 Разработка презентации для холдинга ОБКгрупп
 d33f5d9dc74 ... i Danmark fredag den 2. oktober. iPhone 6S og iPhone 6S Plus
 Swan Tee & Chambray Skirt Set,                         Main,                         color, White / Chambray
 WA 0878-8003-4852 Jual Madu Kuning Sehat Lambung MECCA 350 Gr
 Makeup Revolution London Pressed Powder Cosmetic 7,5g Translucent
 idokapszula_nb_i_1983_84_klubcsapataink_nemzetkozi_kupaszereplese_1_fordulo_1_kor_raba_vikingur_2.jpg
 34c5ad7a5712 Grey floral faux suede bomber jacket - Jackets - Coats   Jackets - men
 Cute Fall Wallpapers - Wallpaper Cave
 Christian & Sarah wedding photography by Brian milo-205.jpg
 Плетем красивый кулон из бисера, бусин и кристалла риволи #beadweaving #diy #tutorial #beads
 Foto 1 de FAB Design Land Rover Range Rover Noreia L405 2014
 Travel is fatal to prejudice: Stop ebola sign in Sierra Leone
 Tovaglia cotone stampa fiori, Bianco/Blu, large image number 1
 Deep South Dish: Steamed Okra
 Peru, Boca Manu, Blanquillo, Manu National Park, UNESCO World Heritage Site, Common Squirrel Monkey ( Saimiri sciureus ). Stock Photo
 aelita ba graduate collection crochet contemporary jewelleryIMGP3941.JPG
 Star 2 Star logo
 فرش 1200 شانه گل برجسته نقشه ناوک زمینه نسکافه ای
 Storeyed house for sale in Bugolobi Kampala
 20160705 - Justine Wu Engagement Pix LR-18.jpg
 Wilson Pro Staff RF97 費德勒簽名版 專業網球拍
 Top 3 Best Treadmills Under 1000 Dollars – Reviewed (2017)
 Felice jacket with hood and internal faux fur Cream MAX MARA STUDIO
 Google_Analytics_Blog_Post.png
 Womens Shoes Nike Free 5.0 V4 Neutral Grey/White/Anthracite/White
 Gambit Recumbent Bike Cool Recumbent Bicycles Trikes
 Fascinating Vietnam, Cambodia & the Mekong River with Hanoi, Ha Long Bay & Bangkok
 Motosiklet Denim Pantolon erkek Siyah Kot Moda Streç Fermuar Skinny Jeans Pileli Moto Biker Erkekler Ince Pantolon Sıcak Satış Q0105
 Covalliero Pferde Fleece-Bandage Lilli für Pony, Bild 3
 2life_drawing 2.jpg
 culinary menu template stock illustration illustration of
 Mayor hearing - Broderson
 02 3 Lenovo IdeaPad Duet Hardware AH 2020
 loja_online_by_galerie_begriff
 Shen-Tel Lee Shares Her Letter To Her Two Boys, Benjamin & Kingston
* * * * *
* [What is expected]
Without altering a single word, reproduce the entries above.

* [Reply to the task]
 Разработка презентации для холдинга ОБКгрупп
 d33f5d9dc74 ... i Danmark fredag den 2. oktober. iPhone 6S og iPhone 6S Plus
 Swan Tee & Chambray Skirt Set,                         Main,                         color, White / Chambray
 WA 0878-8003-4852 Jual Madu Kuning Sehat Lambung MECCA 350 Gr
 Makeup Revolution London Pressed Powder Cosmetic 7,5g Translucent
 idokapszula_nb_i_1983_84_klubcsapataink_nemzetkozi_kupaszereplese_1_fordulo_1_kor_raba_vikingur_2.jpg
 34c5ad7a5712 Grey floral faux suede bomber jacket - Jackets - Coats   Jackets - men
 Cute Fall Wallpapers - Wallpaper Cave
 Christian & Sarah wedding photography by Brian milo-205.jpg
 Плетем красивый кулон из бисера, бусин и кристалла риволи #beadweaving #diy #tutorial #beads
 Foto 1 de FAB Design Land Rover Range Rover Noreia L405 2014
 Travel is fatal to prejudice: Stop ebola sign in Sierra Leone
 Tovaglia cotone stampa fiori, Bianco/Blu, large image number 1
 Deep South Dish: Steamed Okra
 Peru, Boca Manu, Blanquillo, Manu National Park, UNESCO World Heritage Site, Common Squirrel Monkey ( Saimiri sciureus ). Stock Photo
 aelita ba graduate collection crochet contemporary jewelleryIMGP3941.JPG
 Star 2 Star logo
 فرش 1200 شانه گل برجسته نقشه ناوک زمینه نسکافه ای
 Storeyed house for sale in Bugolobi Kampala
 20160705 - Justine Wu Engagement Pix LR-18.jpg
 Wilson Pro Staff RF97 費德勒簽名版 專業網球拍
 Top 3 Best Treadmills Under 1000 Dollars – Reviewed (2017)
 Felice jacket with hood and internal faux fur Cream MAX MARA STUDIO
 Google_Analytics_Blog_Post.png
 Womens Shoes Nike Free 5.0 V4 Neutral Grey/White/Anthracite/White
 Gambit Recumbent Bike Cool Recumbent Bicycles Trikes
 Fascinating Vietnam, Cambodia & the Mekong River with Hanoi, Ha Long Bay & Bangkok
 Motosiklet Denim Pantolon erkek Siyah Kot Moda Streç Fermuar Skinny Jeans Pileli Moto Biker Erkekler Ince Pantolon Sıcak Satış Q0105
 Covalliero Pferde Fleece-Bandage Lilli für Pony, Bild 3
 2life_drawing 2.jpg
 culinary menu template stock illustration illustration of
 Mayor hearing - Broderson
 02 3 Lenovo IdeaPad Duet Hardware AH 2020
 loja_online_by_galerie_begriff
 Shen-Tel Lee Shares Her Letter To Her Two Boys, Benjamin & Kingston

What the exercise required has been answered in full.